The crime writer on being fascinated by A Clockwork Orange, inspired by Dr Jekyll and Mr Hyde and taking comfort in Muriel Spark’s novel

My earliest reading memory
I read children’s comics voraciously from a very young age, starting with Bimbo (aged four or five) and progressing via the Dandy and Beano to the Victor and the Hotspur. Then there were the comic strips in the Sunday Post newspaper – Oor Wullie and the Broons. I did try drawing my own comics, but wasn’t much of an artist. I do still read comics, by the way – and I credit them with being my gateway drug to literature.

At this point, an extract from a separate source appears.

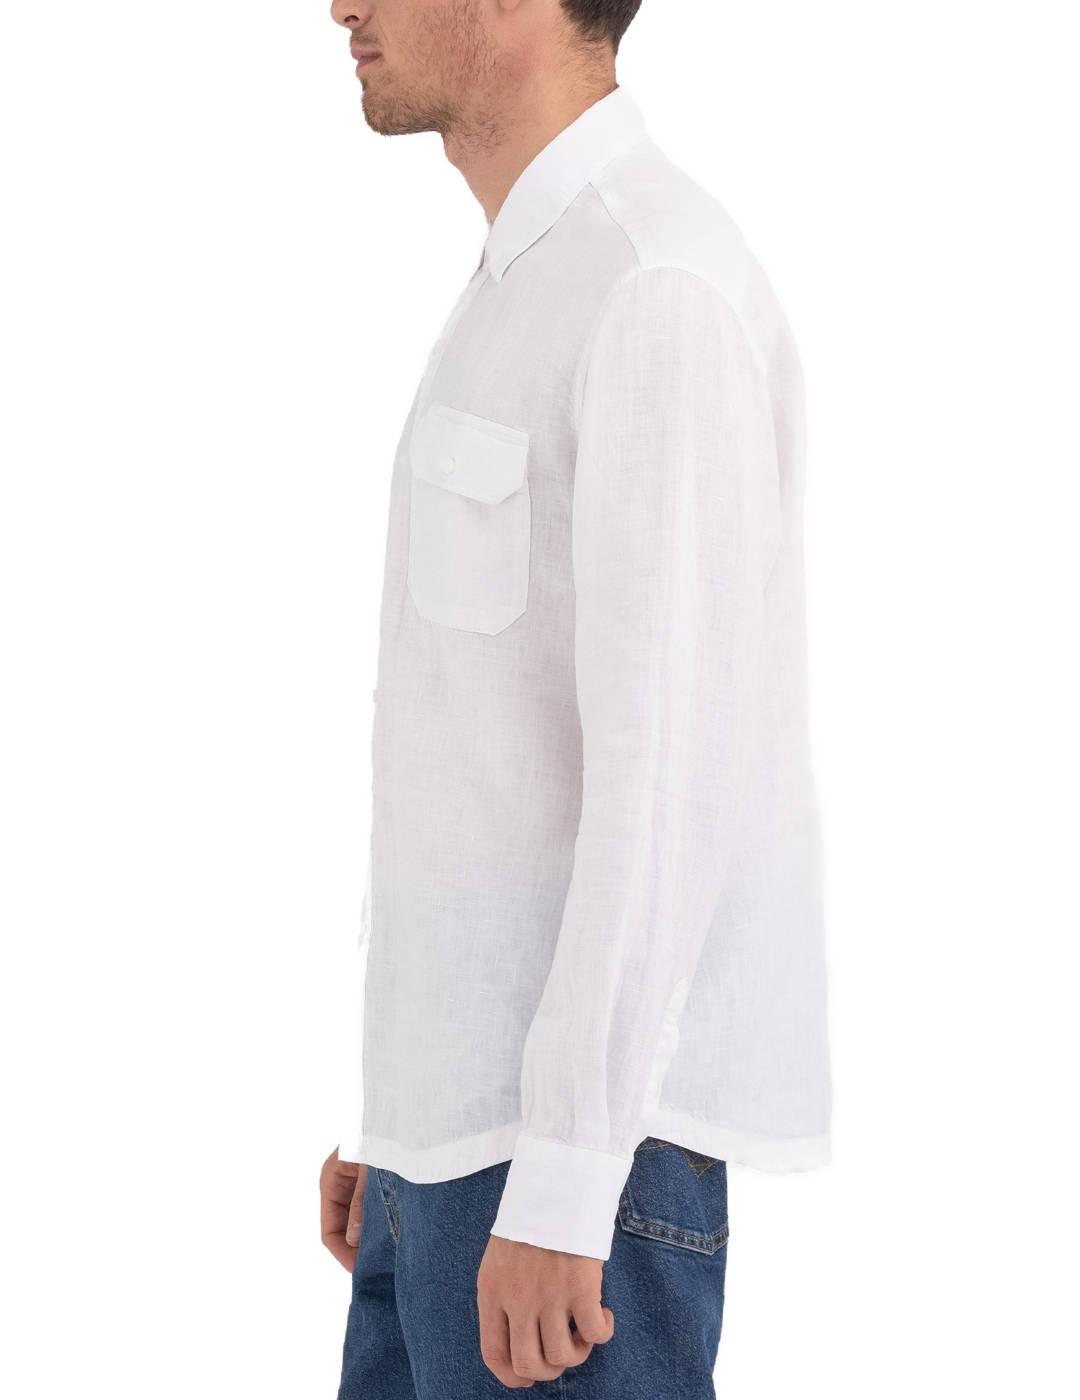 Camisa Replay blanca de lino Regular fit para hombre
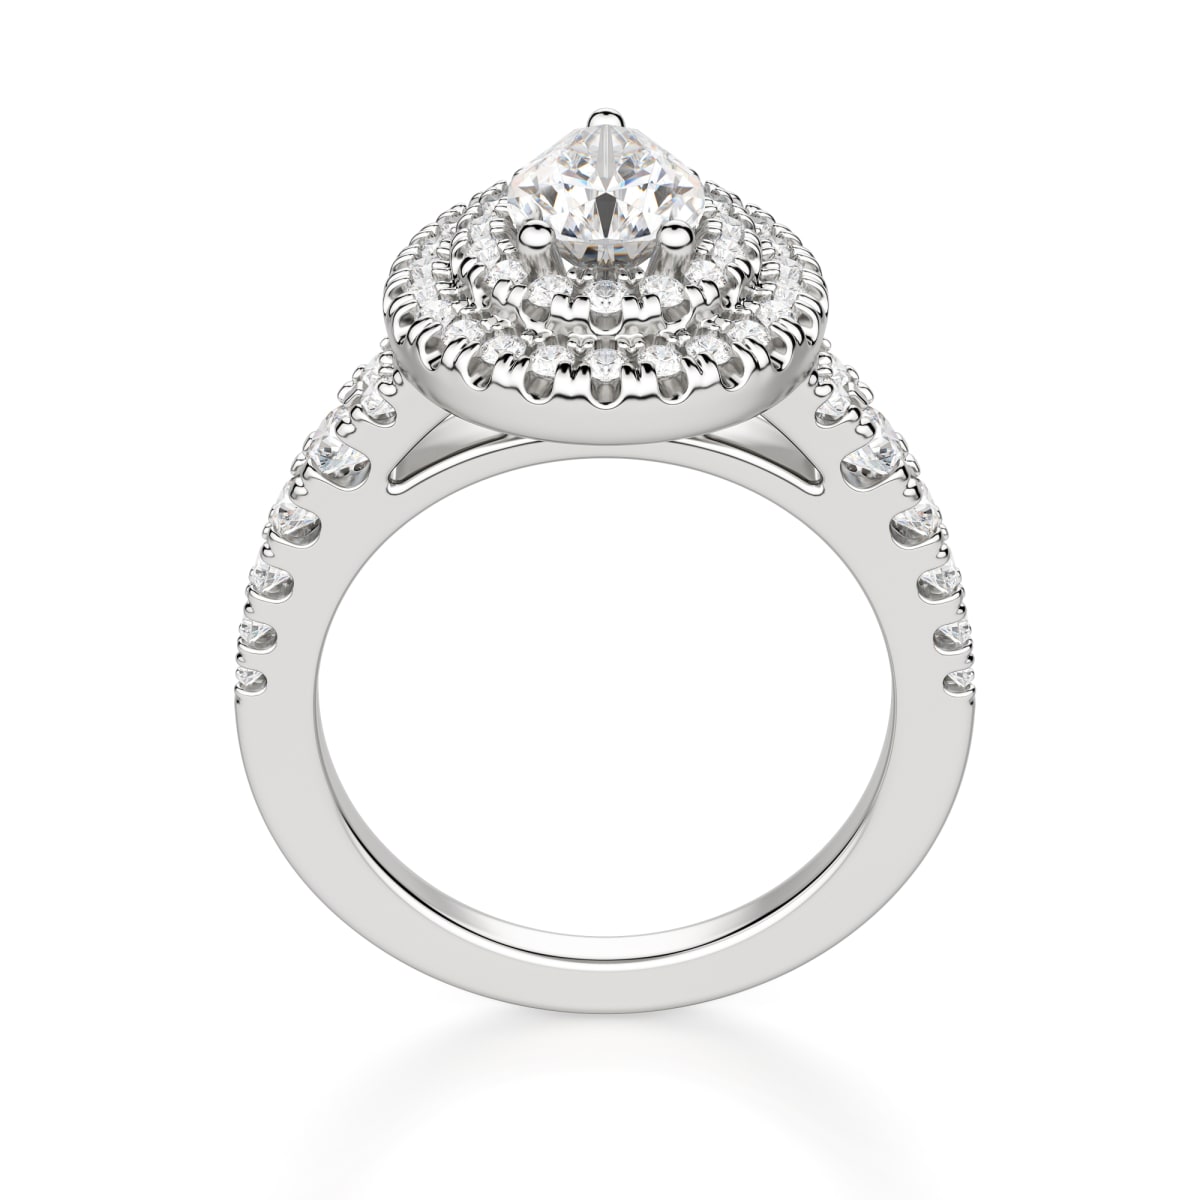 Fillagree Diamond Shape ring,Sterling Silver 925, size H,I,J,K,L,M,N,O,P,Q,R,S,T  | eBay

My favourite book growing up
In my pre-teen years it was mostly Ladybird books and Enid Blyton. I don’t remember ever reading Winnie the Pooh or Thomas the Tank Engine, and didn’t encounter Dr Seuss until I was a parent myself. The only real books I kept and returned to were the comics’ Christmas annuals. I was also a sucker for TV tie-ins, so would have annuals based on the Gerry Anderson shows (Joe 90; Captain Scarlet) or Dr Who or The Persuaders!.

The book that changed me as a teenager
A Clockwork Orange by Anthony Burgess. I was 14 or 15 when I read it. A whole bunch of pulp paperbacks with titles such as Skinhead or Suedehead used to be passed around the school playground, but I felt that A Clockwork Orange was of a different order of merit. It felt very literary to me. There was a moral purpose to it; the language was fascinating. While my friends were hanging around street corners waiting for trouble, I would be sequestered in my bedroom, writing stories influenced by Burgess’s short sharp novel.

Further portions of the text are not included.